### EXERCISE BRIEF
Begin at the line containing "Engage their imagination, boost" in the entries below and end at the line containing "#exercise4fun2 #physicalactivity #kidsfitness"; transcribe that range exactly and nothing outside it.

### DATA FOR REVIEW
================================
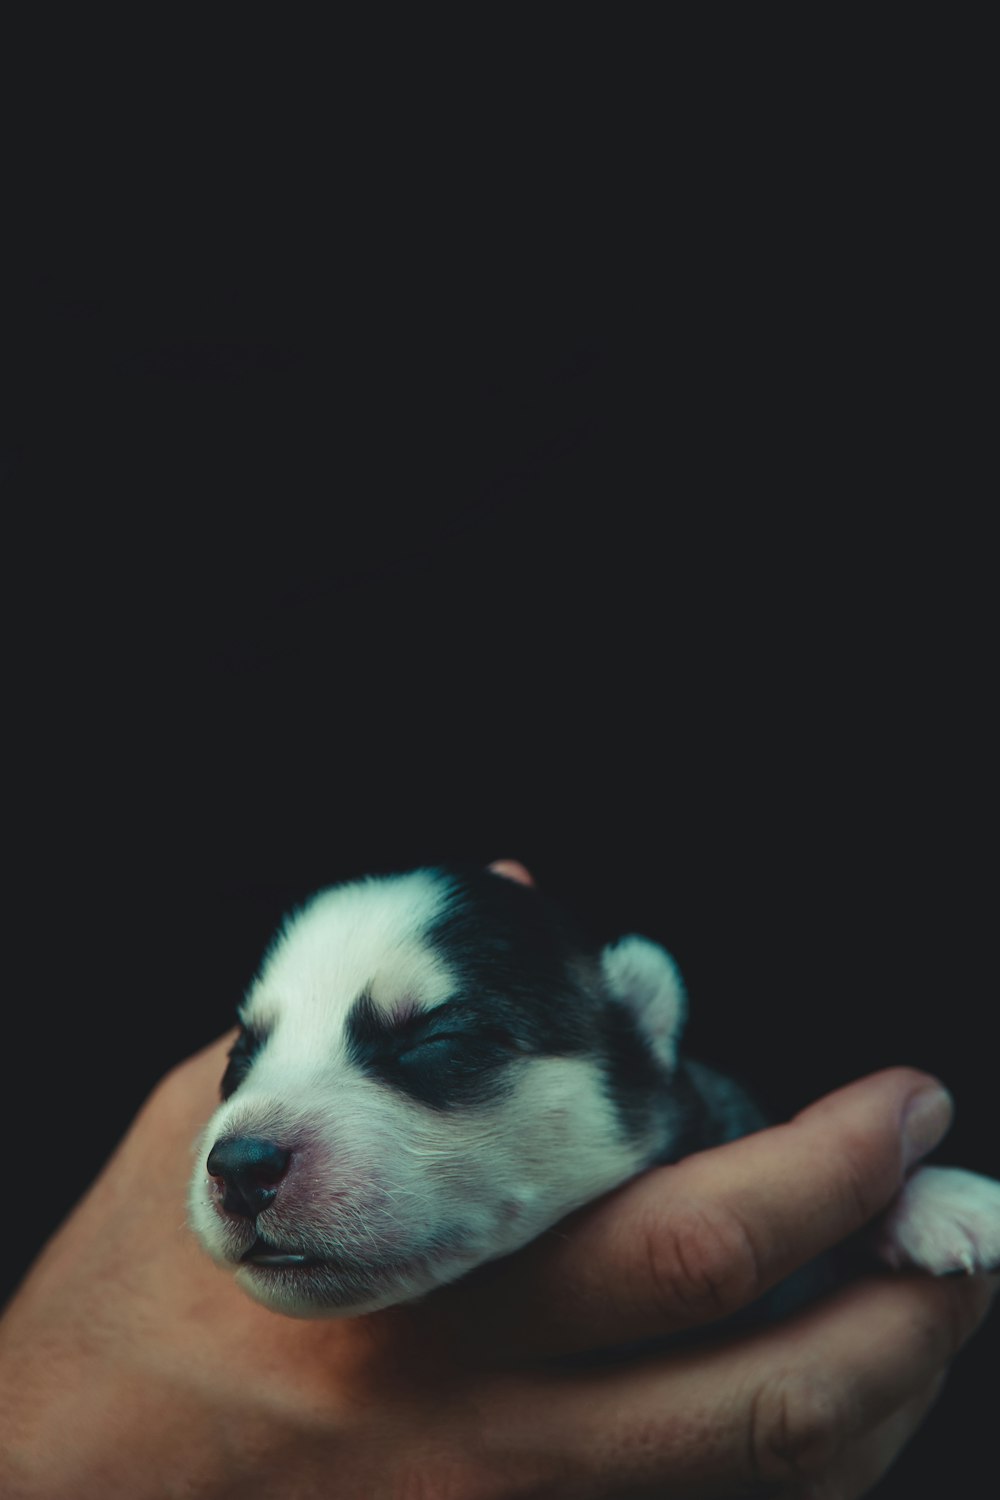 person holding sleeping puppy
================================
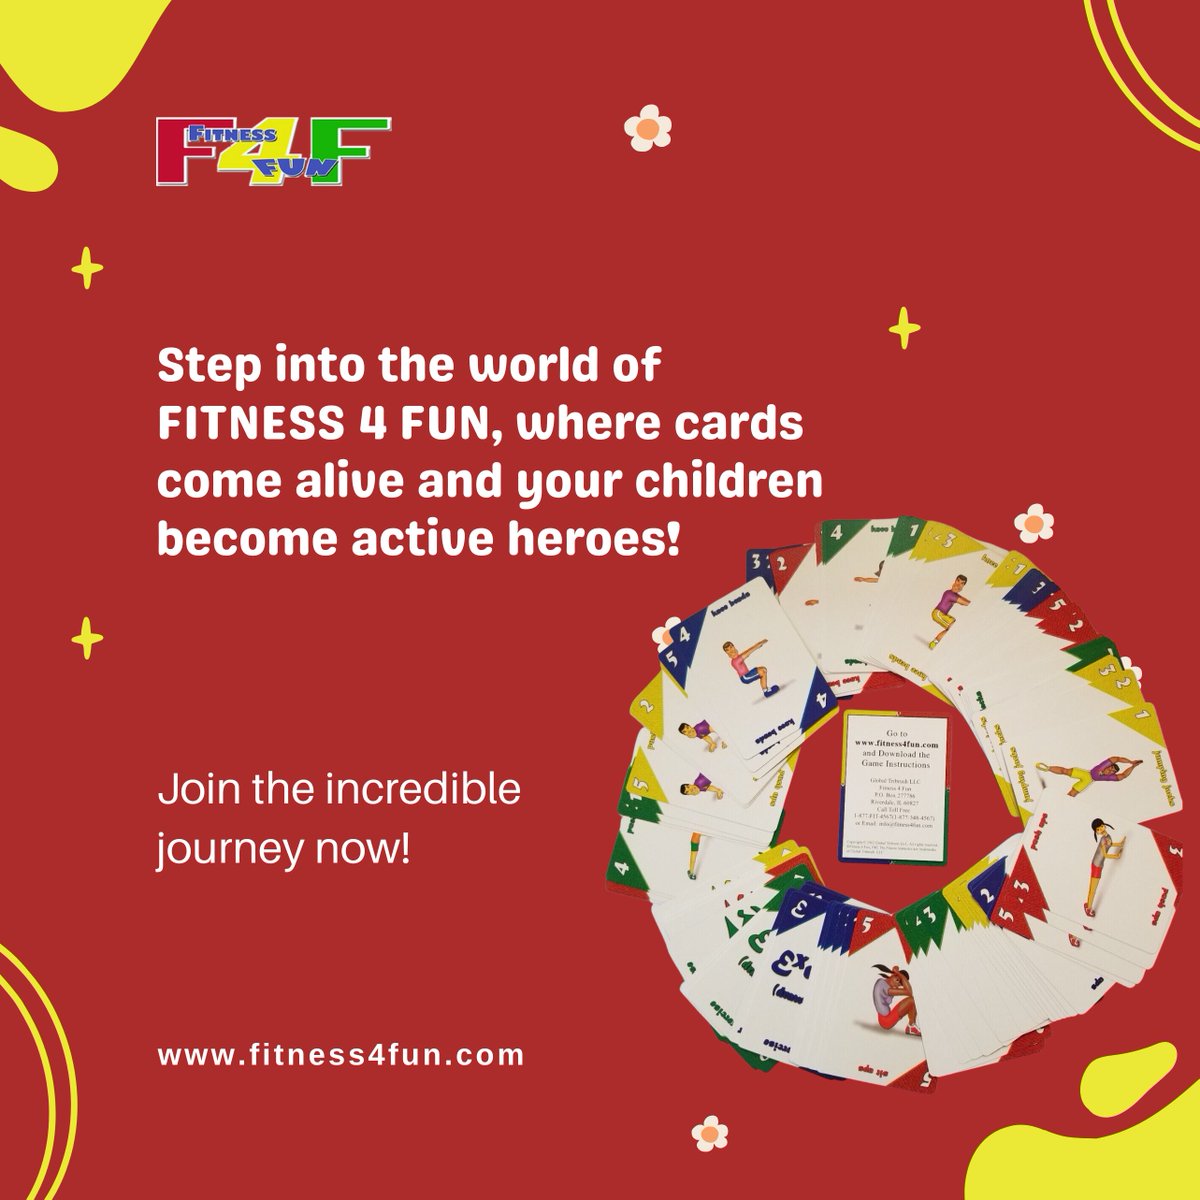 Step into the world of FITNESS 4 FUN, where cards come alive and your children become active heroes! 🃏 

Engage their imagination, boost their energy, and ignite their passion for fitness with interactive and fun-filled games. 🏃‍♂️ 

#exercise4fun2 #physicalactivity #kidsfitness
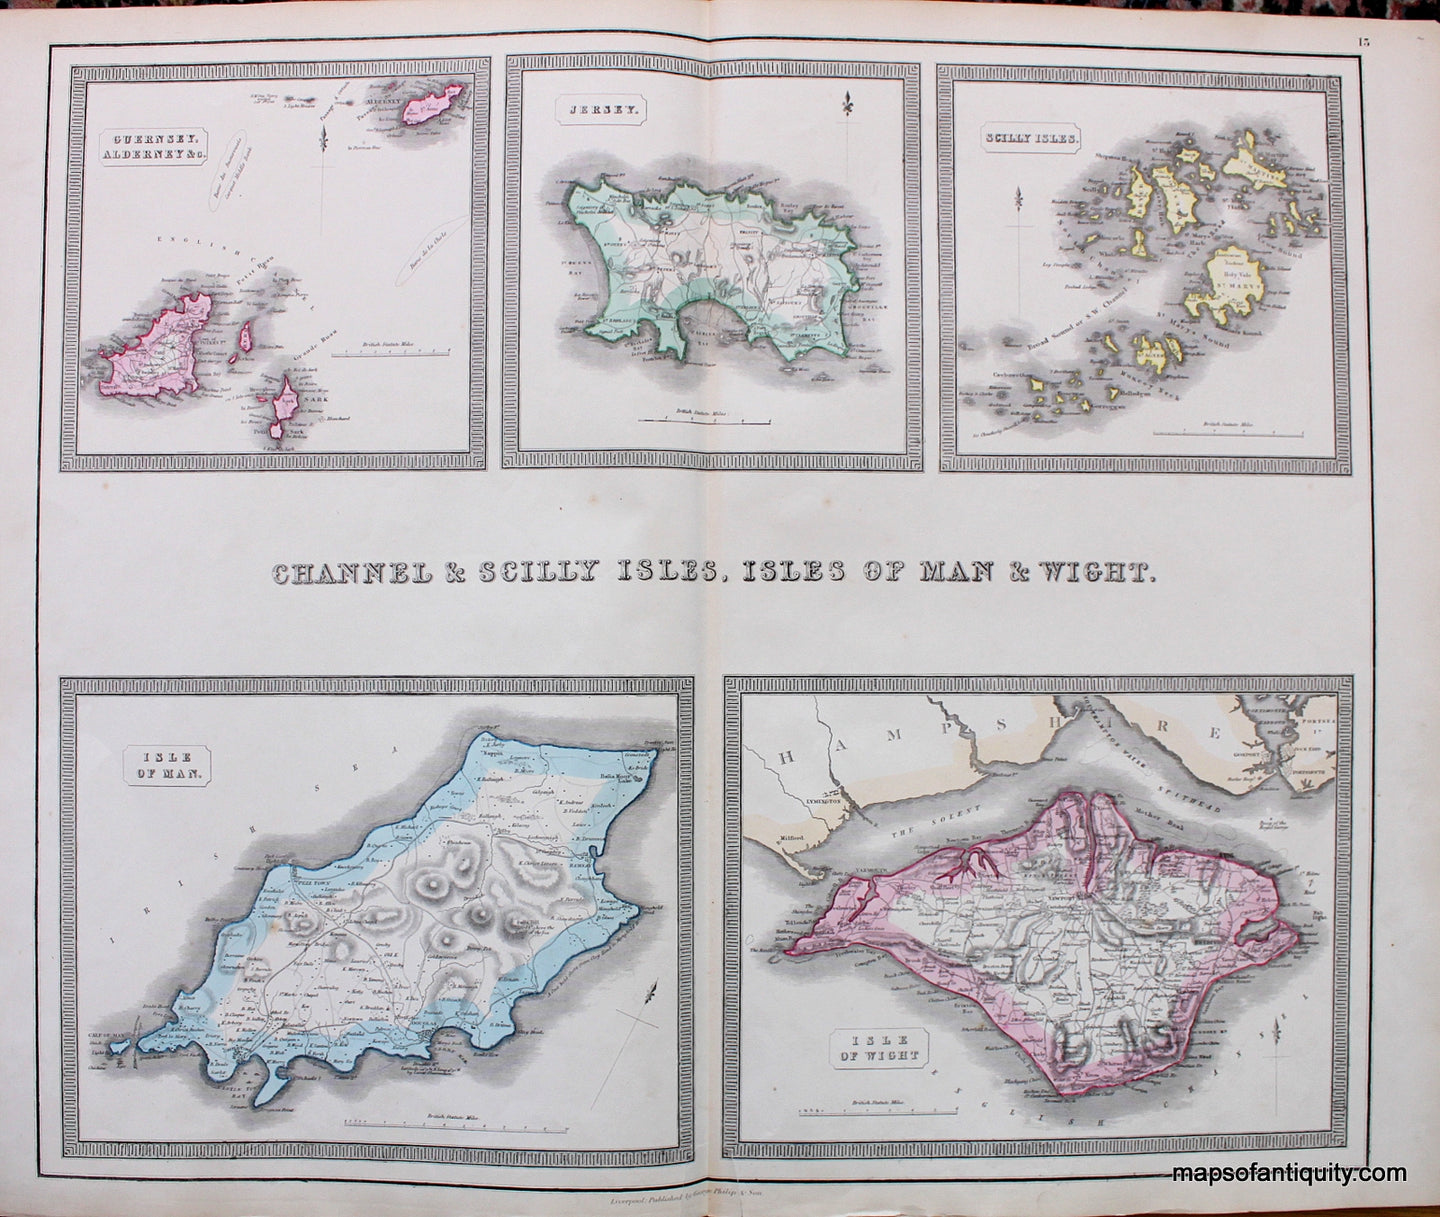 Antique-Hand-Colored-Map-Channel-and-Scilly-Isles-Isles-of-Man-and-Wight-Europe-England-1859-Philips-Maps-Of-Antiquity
================================
### RESULT FOR THIS EXERCISE
Engage their imagination, boost their energy, and ignite their passion for fitness with interactive and fun-filled games. 🏃‍♂️ 

#exercise4fun2 #physicalactivity #kidsfitness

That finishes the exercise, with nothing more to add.